PROBLEM DESCRIPTION ▸
All pictures are to be dropped, and the remaining data set down exactly.

DATA ▸
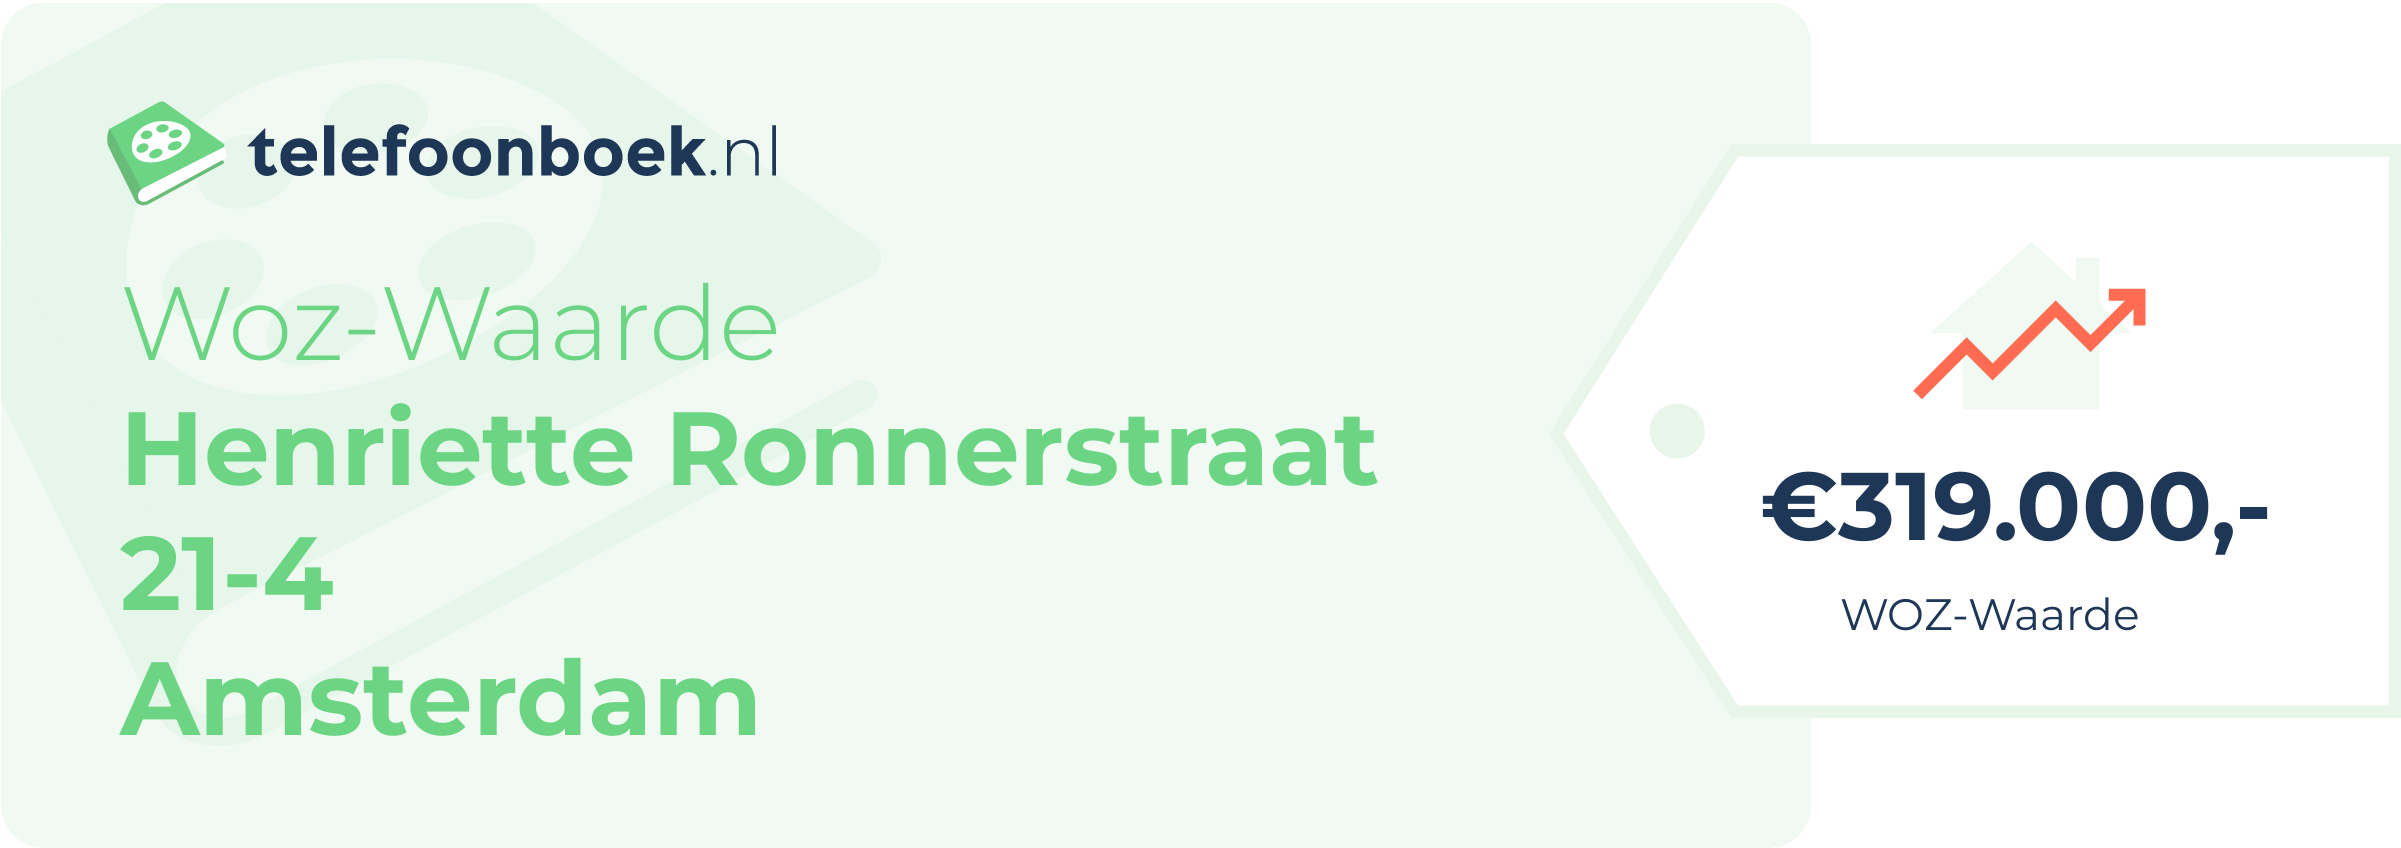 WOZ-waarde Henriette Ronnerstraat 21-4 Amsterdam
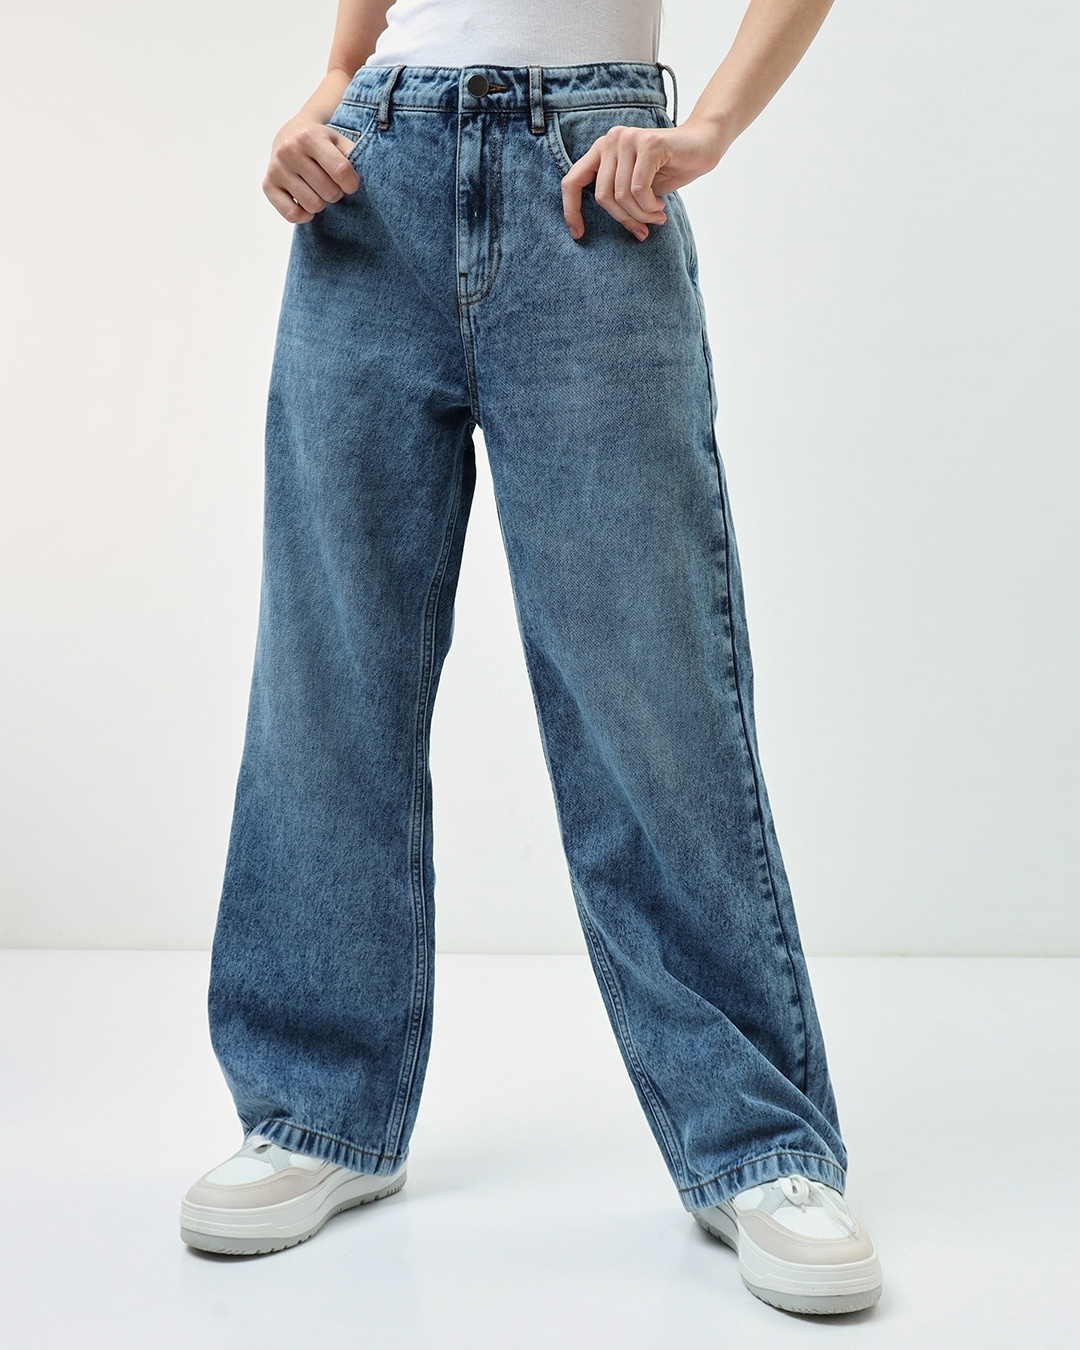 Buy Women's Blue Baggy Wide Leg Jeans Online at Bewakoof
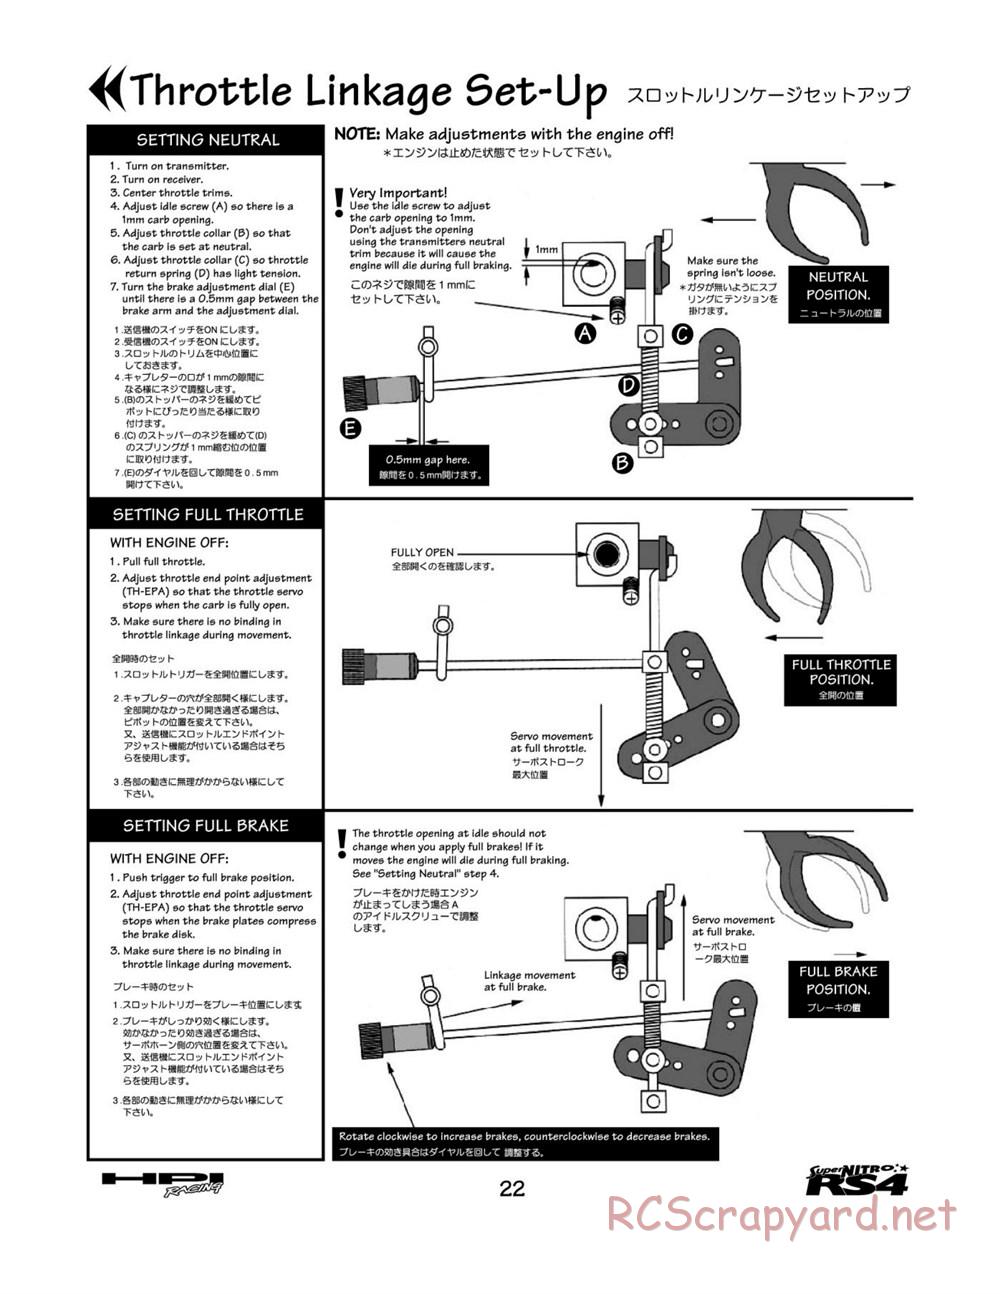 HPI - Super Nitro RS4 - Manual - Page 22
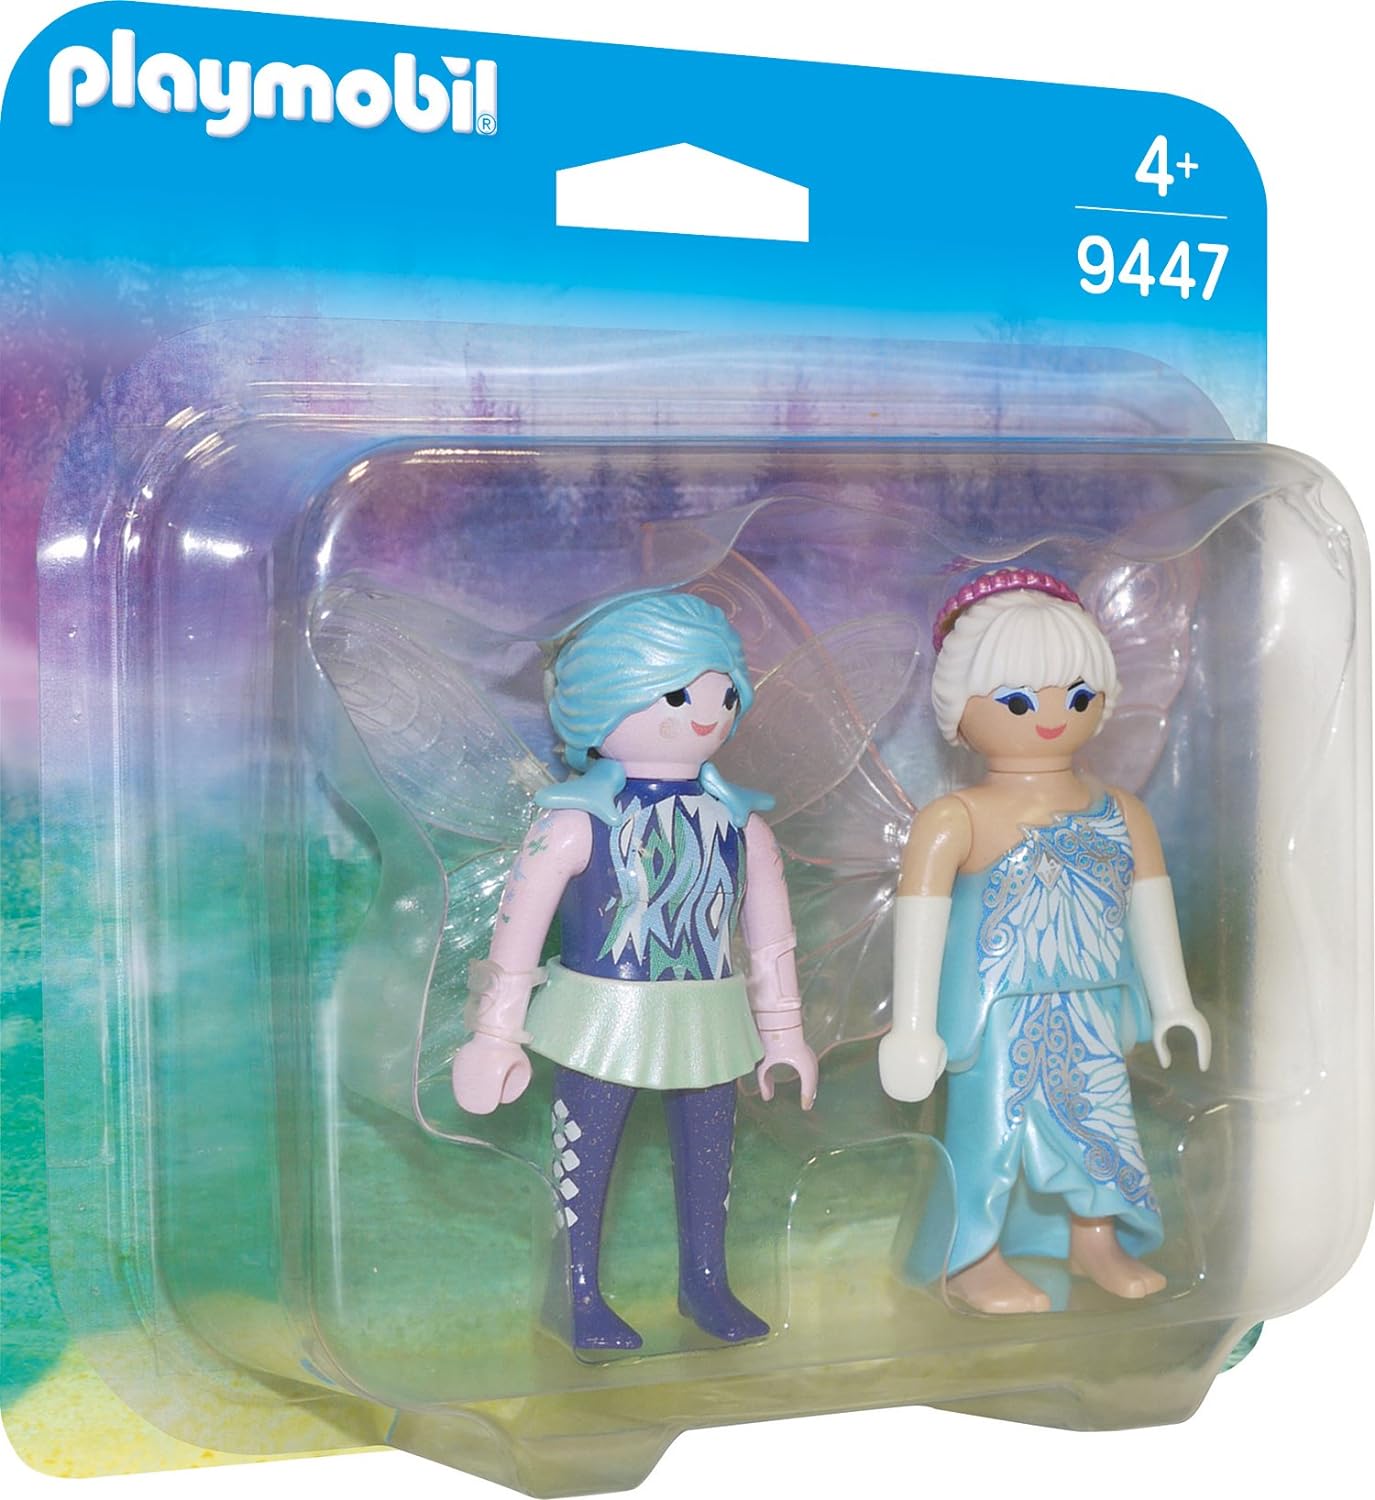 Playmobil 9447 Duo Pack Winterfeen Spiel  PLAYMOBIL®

RESPONSE AREA ▸
 WOZ-waarde Henriette Ronnerstraat 21-4 Amsterdam
 Buy Women's Blue Baggy Wide Leg Jeans Online at Bewakoof
 HPI - Super Nitro RS4 - Manual - Page 22
 Playmobil 9447 Duo Pack Winterfeen Spiel  PLAYMOBIL®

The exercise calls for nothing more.